Deze omzendbrief verschaft, voor wat het Vlaams Gewest betreft, toelichting bij de voorwaarden die moeten worden vervuld om deze vrijstelling te bekomen en te behouden. Hij zal door de Vlaamse Belastingdienst gehanteerd worden bij de beoordeling van de in de vorige paragraaf bedoelde vrijstelling.

De toelichtingen bij de toepasselijke bepalingen die zijn opgenomen in het zogenaamde " Commentaar op het Wetboek van de Inkomstenbelastingen 1992 ", opgemaakt door de federale overheid, worden voor bepaalde aspecten hernomen.
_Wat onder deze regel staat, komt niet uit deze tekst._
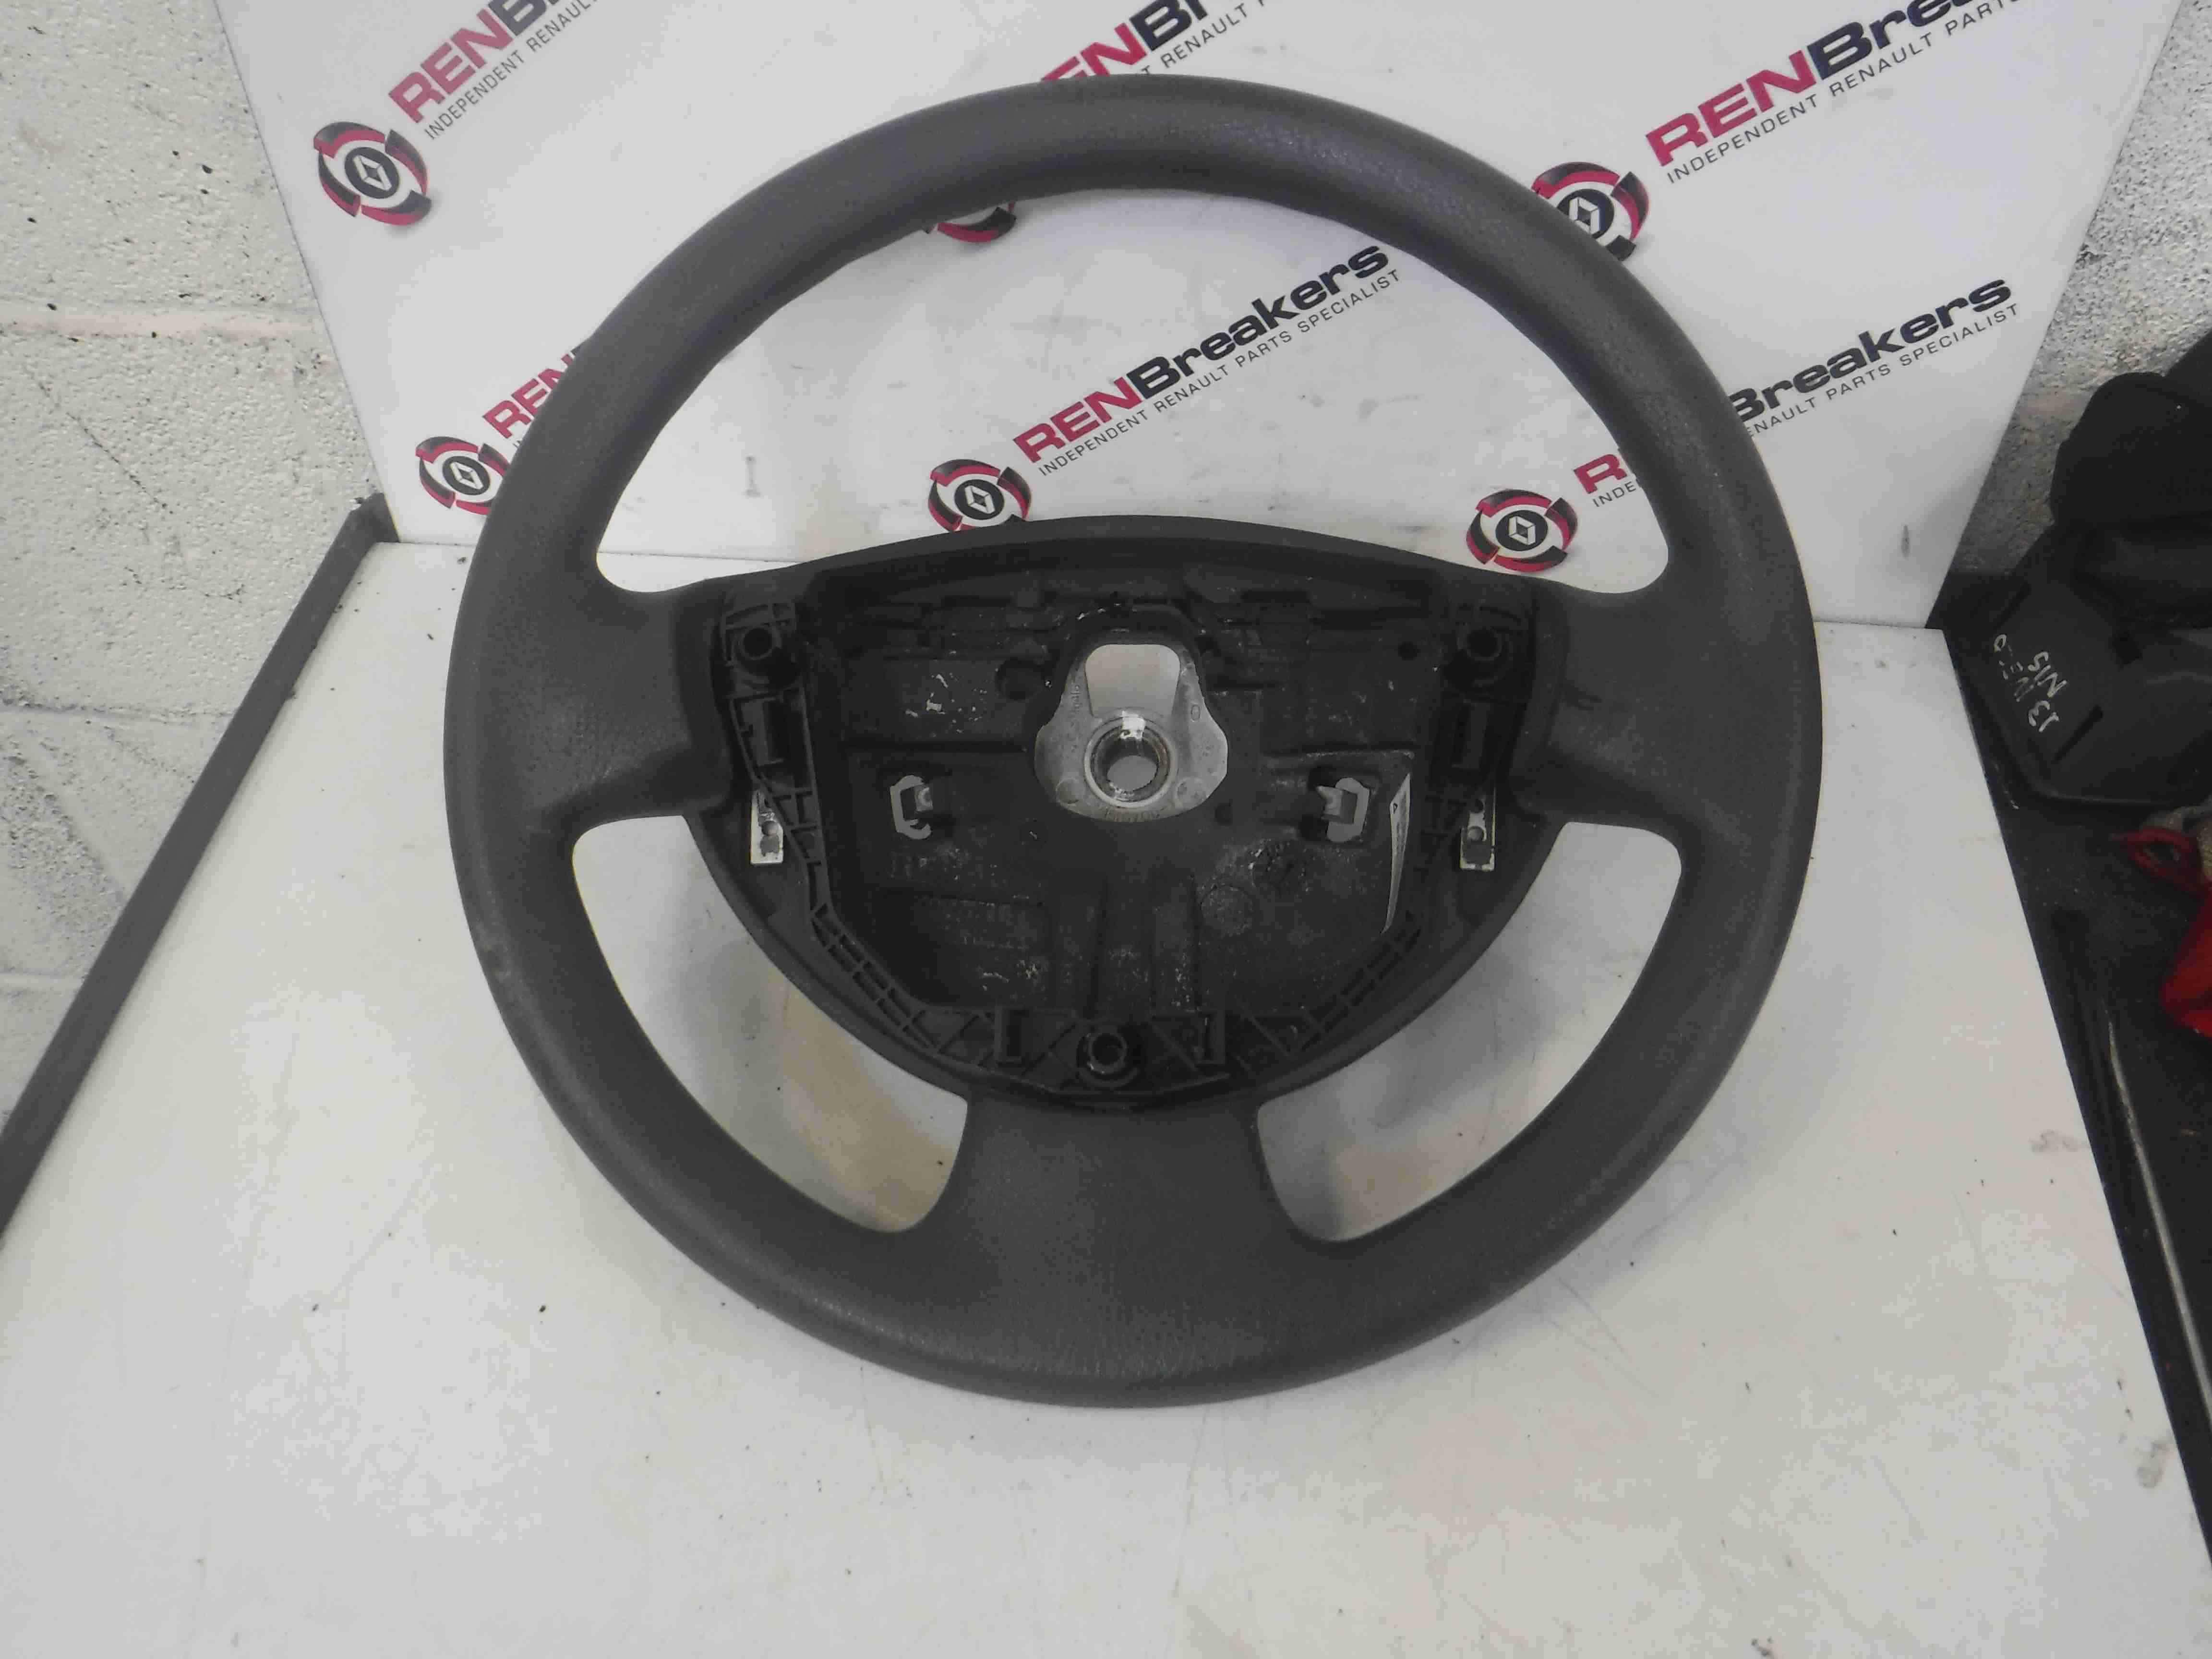 Renault Twingo 2007-2011 Steering Wheel 8200463332

Voor andere aspecten daarentegen worden- gelet op de maatschappelijke evoluties en noden - andersluidende standpunten ingenomen.

  1. Wettekst.

    Artikel 253, 1°, WIB 1992 :

    Van de onroerende voorheffing wordt het kadastraal inkomen vrijgesteld :

    1. van de in artikel 12, § 1, vermelde onroerende goederen of delen van onroerende goederen.

    Artikel 12, § 1, WIB 1992 :

    § 1. Vrijgesteld is het kadastraal inkomen van de onroerende goederen of delen van onroerende goederen die een belastingplichtige of een bewoner zonder winstoogmerk heeft bestemd voor het openbaar uitoefenen van een eredienst of van de vrijzinnige morele dienstverlening, voor onderwijs, voor het vestigen van hospitalen, klinieken, dispensaria, rusthuizen, vakantiehuizen voor kinderen of gepensioneerden, of van andere soortgelijke weldadigheidsinstellingen.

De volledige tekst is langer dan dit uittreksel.